Never create Ruby strings longer than 23 characters

Never create Ruby strings longer than 23 characters(patshaughnessy.net)

54 points by ctaglia 12 years ago | 59 comments

nly 12 years ago |

This is known as the "small string optimisation" in C++, so you can see a similar implementation in Clangs libc++[1].

One interesting corollary is that moving short strings in an implementation that does this could actually be ever so slightly (negligibly) slower than moving long ones (since byte copies are slower than word copies). But generally, this is a free lunch optimisation and can save you hundreds of megs of memory when writing programs dealing with millions of short strings.

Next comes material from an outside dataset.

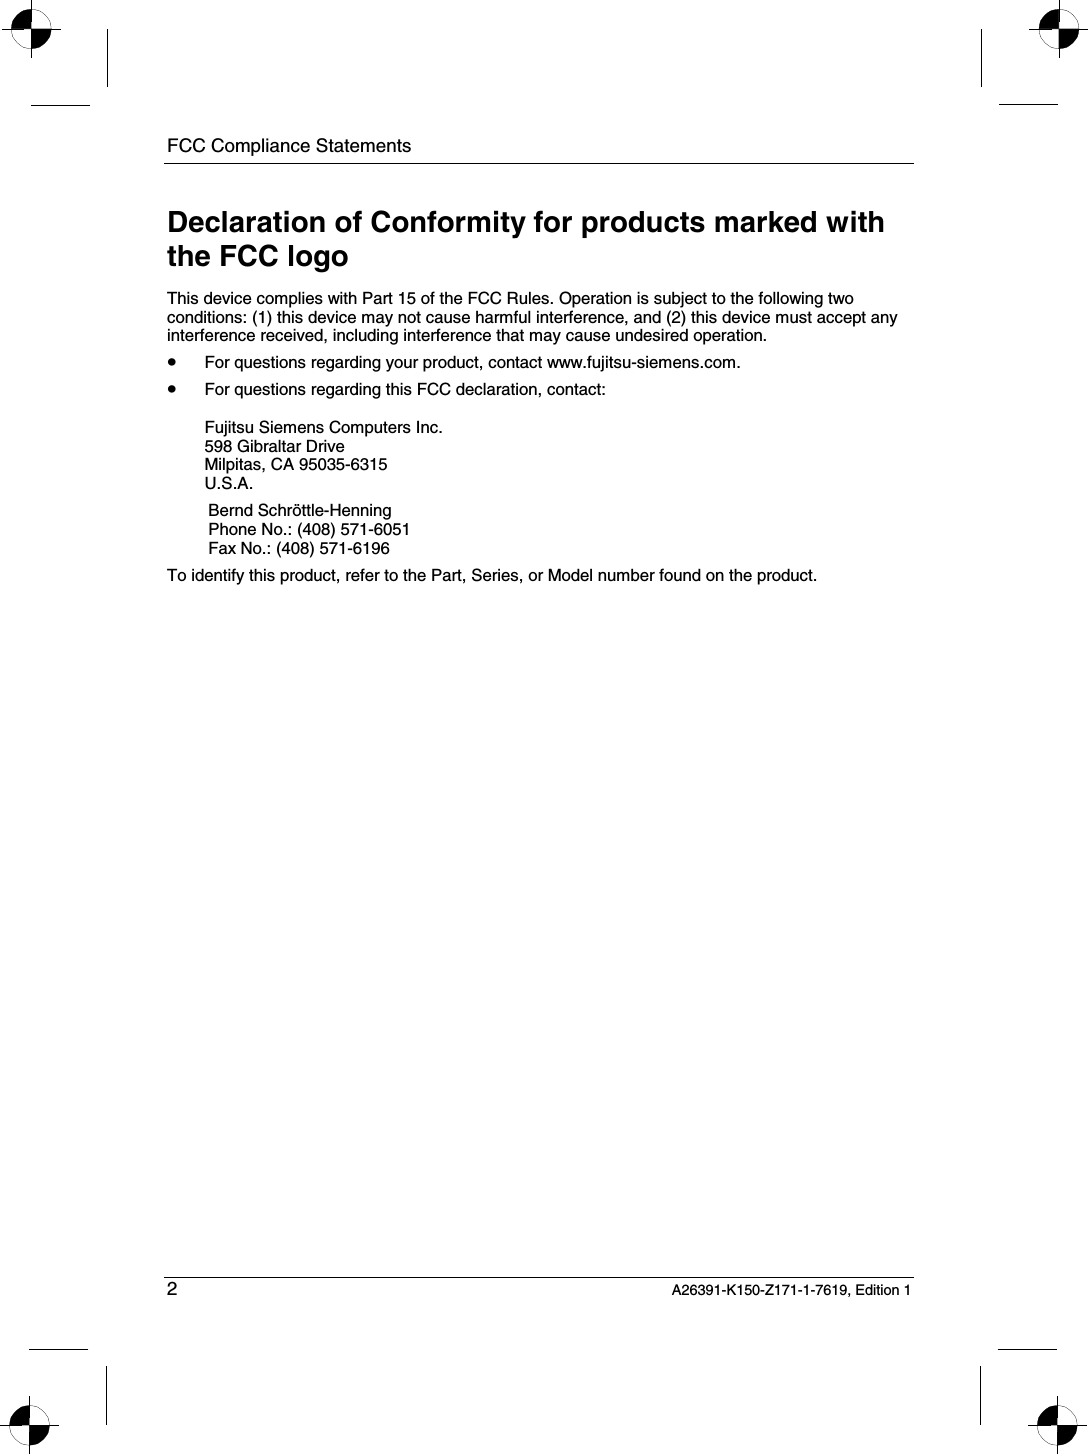 FCC Compliance Statements   2 A26391-K150-Z171-1-7619, Edition 1 Declaration of Conformity for products marked with the FCC logo This device complies with Part 15 of the FCC Rules. Operation is subject to the following two conditions: (1) this device may not cause harmful interference, and (2) this device must accept any interference received, including interference that may cause undesired operation. • For questions regarding your product, contact www.fujitsu-siemens.com. • For questions regarding this FCC declaration, contact:  Fujitsu Siemens Computers Inc. 598 Gibraltar Drive Milpitas, CA 95035-6315 U.S.A. Bernd Schröttle-Henning Phone No.: (408) 571-6051 Fax No.: (408) 571-6196 To identify this product, refer to the Part, Series, or Model number found on the product. 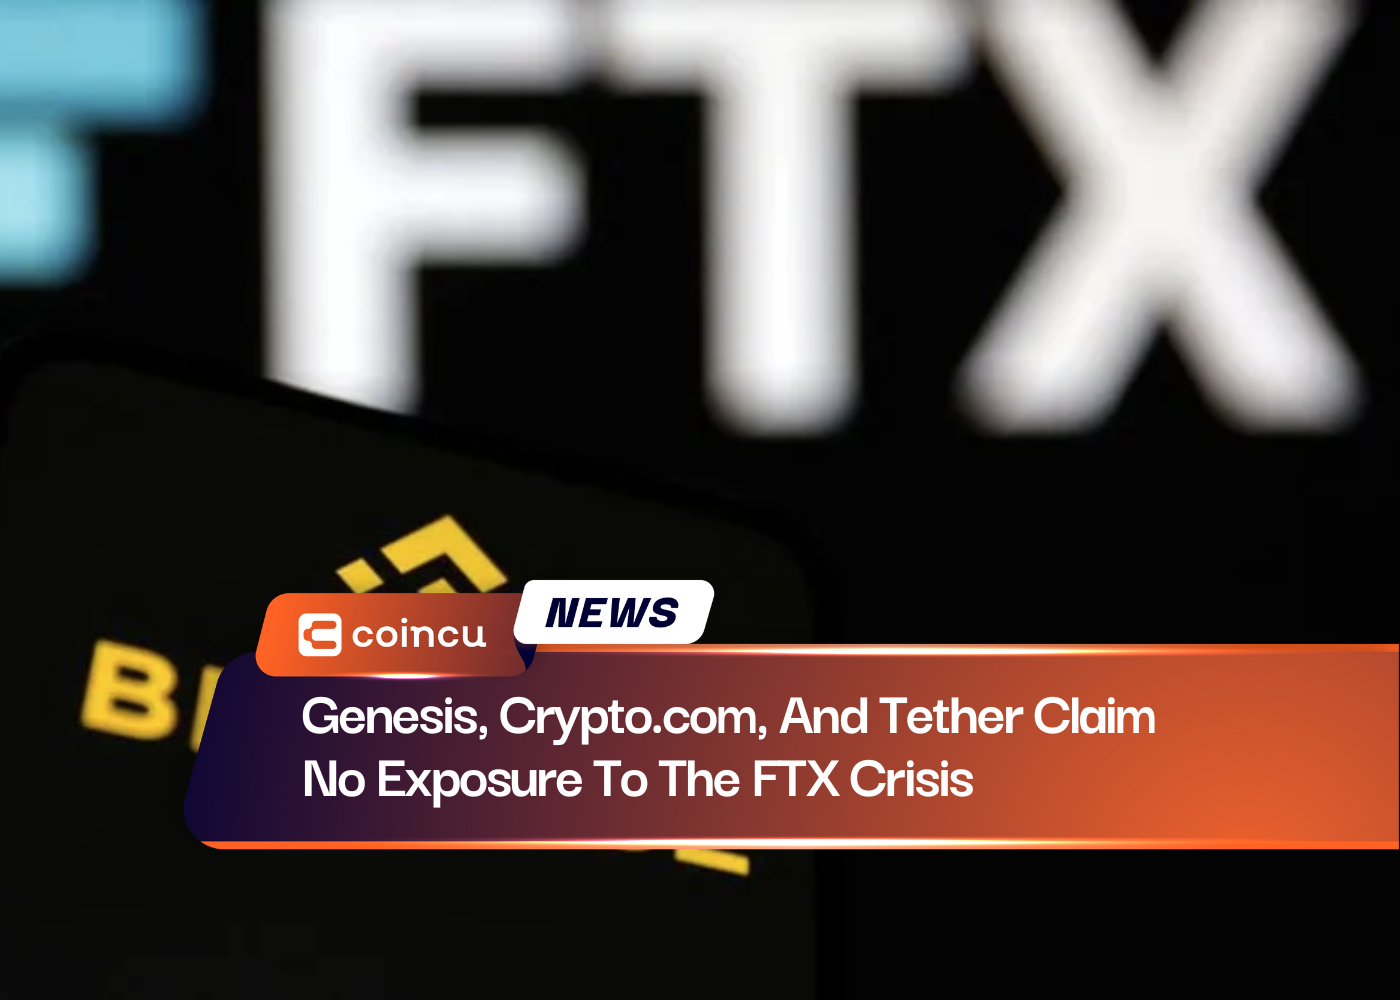 Genesis, Crypto.com, And Tether Claim No Exposure To The FTX Crisis

[1] http://llvm.org/svn/llvm-project/libcxx/trunk/include/string - search for "union"

Someone 12 years ago |

http://www.slideshare.net/nirusuma/what-lies-beneath-the-bea... (from march 2012) also discusses this.

Also (pedantic):

   #define RSTRING_EMBED_LEN_MAX ((int)((sizeof(VALUE)*3)/sizeof(char)-1))

sizeof(char) is always 1, so that division is superfluous.

BudVVeezer 12 years ago | |

sizeof(char) is implementation defined; see limits.h for more information on the probable size of char for your target. If the sizeof(char) is 1, the division will be optimized away, so there's no loss by keeping the code portable.

Sharlin 12 years ago | | |

No, the size of char (in bits) is implementation defined, but sizeof(char) is defined to be 1, no matter what its size in bits.

chollida1 12 years ago | | |

No this is incorrect, see:

http://stackoverflow.com/q/4562249/25981

sizeof(char) is always defined to be one. This can't be altered by a conforming compiler.

EpicEng 12 years ago | | |

Wrong. sizeof(char) is define to be one. The number of bits in a byte (char) is implementation defined (this is why CHAR_BIT exists). Not the same thing.

danielweber 12 years ago |

More like "ruby optimizes for short strings, and chose 23 at the cut-off point for Reasons."

yapcguy 12 years ago | |

Can't wait for someone to write a new faster better string class which handles strings of any length by internally chopping them into 23 character portions....

fat0wl 12 years ago | | |

lol yes....... how reasonable. ahah when i saw the title of the article all i could think was "click comments to tune in for the most amusing flamewar this week" but so many of these comments are like "so... its 23 characters.... why not?!"

comeon peopleeeee, a bit of an arbitrary internal standard, no?

i understand the point about "CONCLUSION: it doesn't matter for a few strings!" but.... comeonnnn it must matter on some level, otherwise why is Rails such a pain in the ass to optimize? these things must add up...

vidarh 12 years ago | | |

I hope that is meant as a joke.

pothibo 12 years ago | |

More to the point, ruby always uses string with more than 23 character. It's strings that are passed to the client and an HTML page is almost always bigger than 23 characters.

Xylakant 12 years ago | | |

Ruby is a general purpose scripting language that can be used for web development (rails, sinatra) but is often used for different purposes (puppet, chef, vagrant, shoes, ...).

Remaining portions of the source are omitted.